Надіслано від мого SM-G935F, використовуючи Tapatalk


----------



## Watchbreath

No.


----------



## awatch247

Thanks everyone. Definitely given me a lot to think about. I love the Frederique Constant lineup. But I also need to think about the long term value and prominence of my collection.


----------



## Watchbreath

Long term value, will fall like almost all other watches.


awatch247 said:


> Thanks everyone. Definitely given me a lot to think about. I love the Frederique Constant lineup. But I also need to think about the long term value and prominence of my collection.


----------



## semechka.y

Watchbreath said:


> Long term value, will fall like almost all other watches.

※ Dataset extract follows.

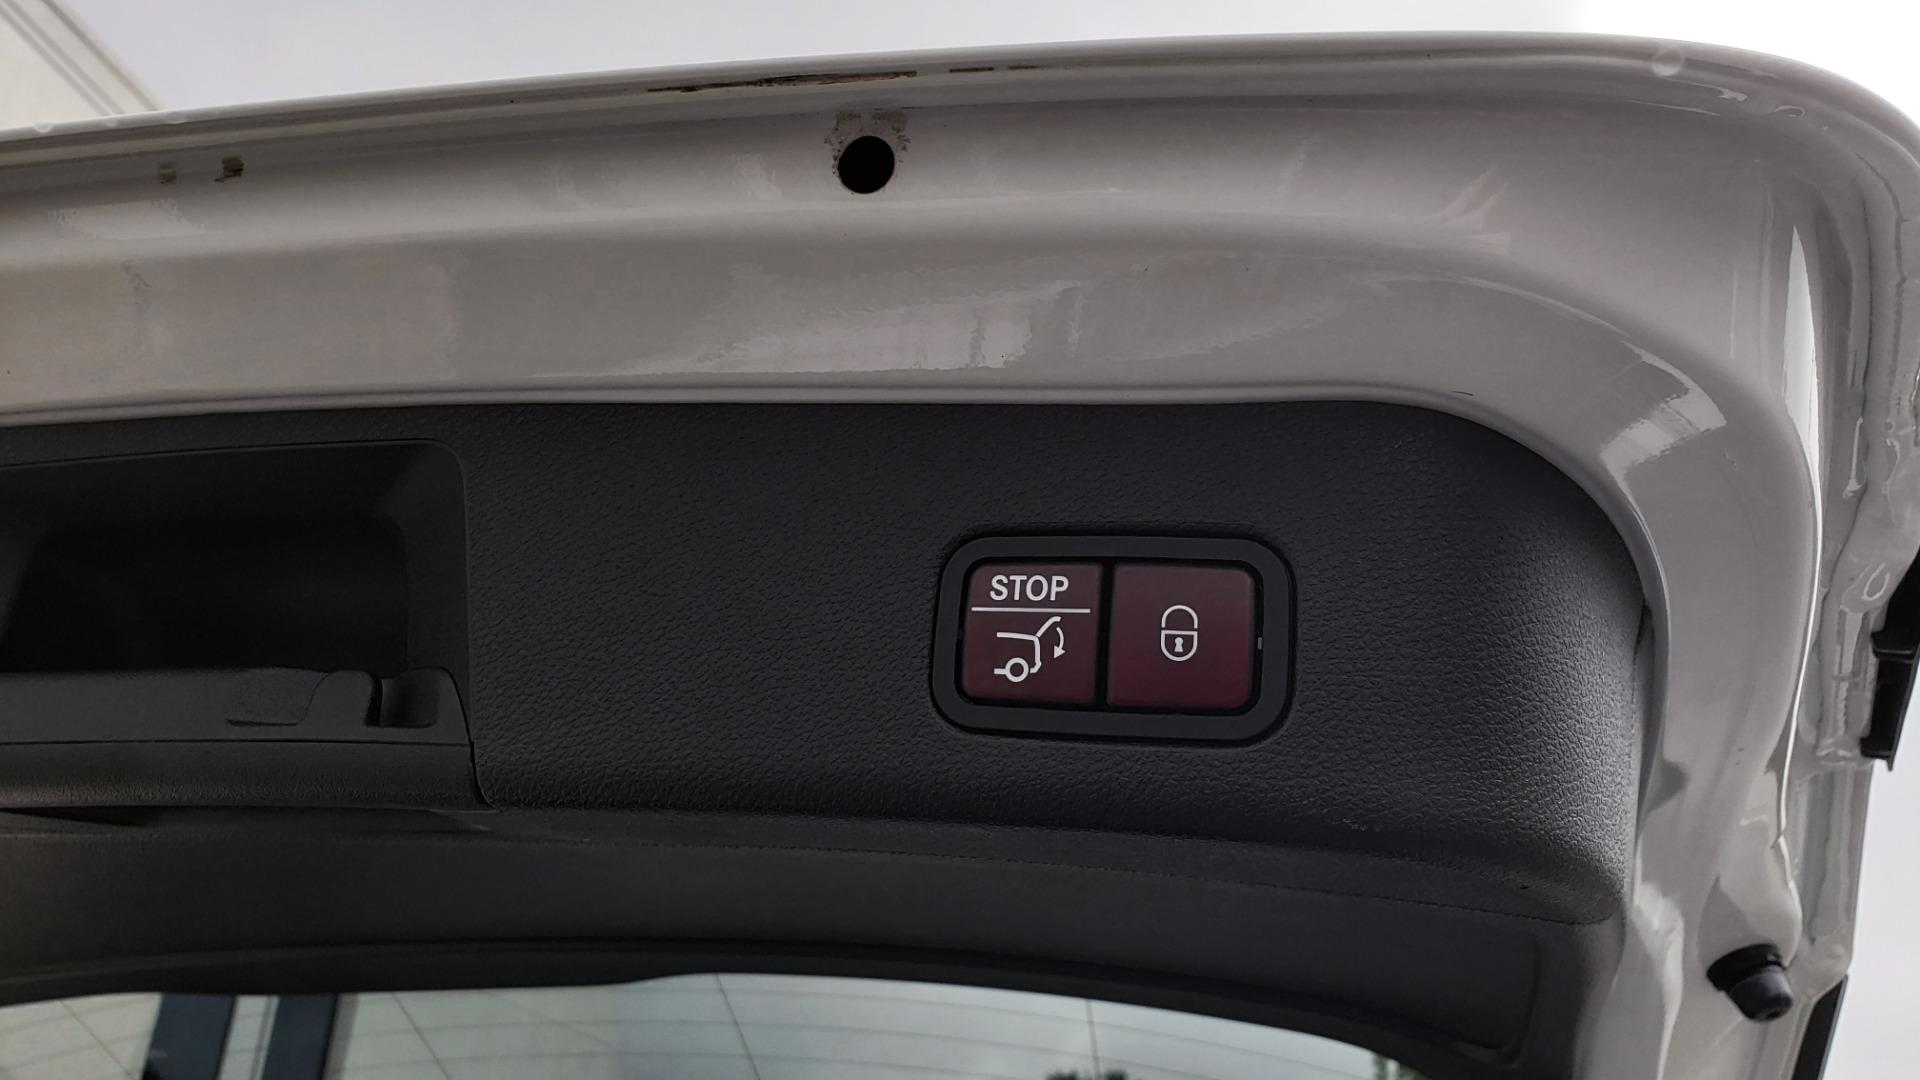 Used 2018 Mercedes-Benz GLE 350 4MATIC / PREM PKG / NAV / PARK ASST / K/H SND / HITCH / REARVIEW for sale $40,801 at Formula Imports in Charlotte NC 28227 22

And it doesn't matter uf the watch is made by a luxury brand or not.

Надіслано від мого SM-G935F, використовуючи Tapatalk


----------



## awatch247

Thanks all for your responses.


----------



## [email protected]

I bought a FC306 in gold plating, beautiful watch. I should be babel to sell it for what I paid for it (private seller) but it should be with me till I get a breguet or a JLC


----------



## Wandering_Watcher10

Low/mid tier for luxury watches.


----------



## mygiftstop

Frederique Constant is not a fly-by-night operation. Sure they've been in the game a lot less time than many other luxury brands, but that shouldn't dissuade you from buying their watches. 

If you're asking what people think of the brand, that means that one has caught your eye. If that's the case then buy what you like regardless of cost or what other people think. Personally, I think they are fine watches.


----------



## Barge

If you want a luxury Frederique Constant, may I suggest a D'Atelier De Monaco. Poincon de Geneve and all.


----------



## Cosmorgraph

Price vs quality is pretty solid with FC, well-known for huge discounts at grey dealers. Have some above avg. upper-level models with in-house movements. Yes it's luxury, but it's for starters IMO.


----------



## andrewH

Available for purchase at Tiger Air duty free magazine... Along with aigner, aviator watches.
So it is luxury brand for the budget minded crowd?
Anyway, buy the watch that you like screw what other people think


----------



## Watchbreath

Having sold them, no.


andrewH said:


> Available for purchase at Tiger Air duty free magazine... Along with aigner, aviator watches.
> So it is luxury brand for the budget minded crowd?
> Anyway, buy the watch that you like screw what other people think


----------



## semechka.y

andrewH said:


> Available for purchase at Tiger Air duty free magazine... Along with aigner, aviator watches.
> So it is luxury brand for the budget minded crowd?
> Anyway, buy the watch that you like screw what other people think


It is at a lower end of luxury segment along with Longines and Tag Heuer, although without such brand-awareness and likely to hold their value slightly worse than competitors. But quality-wise (not only movement, but also other components - case, dial and hands) it is there, in the accessible luxury range. Of particular interest is their manufacture line.

Надіслано від мого SM-G935F, використовуючи Tapatalk


----------



## Barge

They are certainly working on it. Tourbillon perpetual calendar manufacture.


----------



## FBPB

FC was started by a dutch couple back in the late 80s... 1980s that is. So there is no "heritage", if that is important to you.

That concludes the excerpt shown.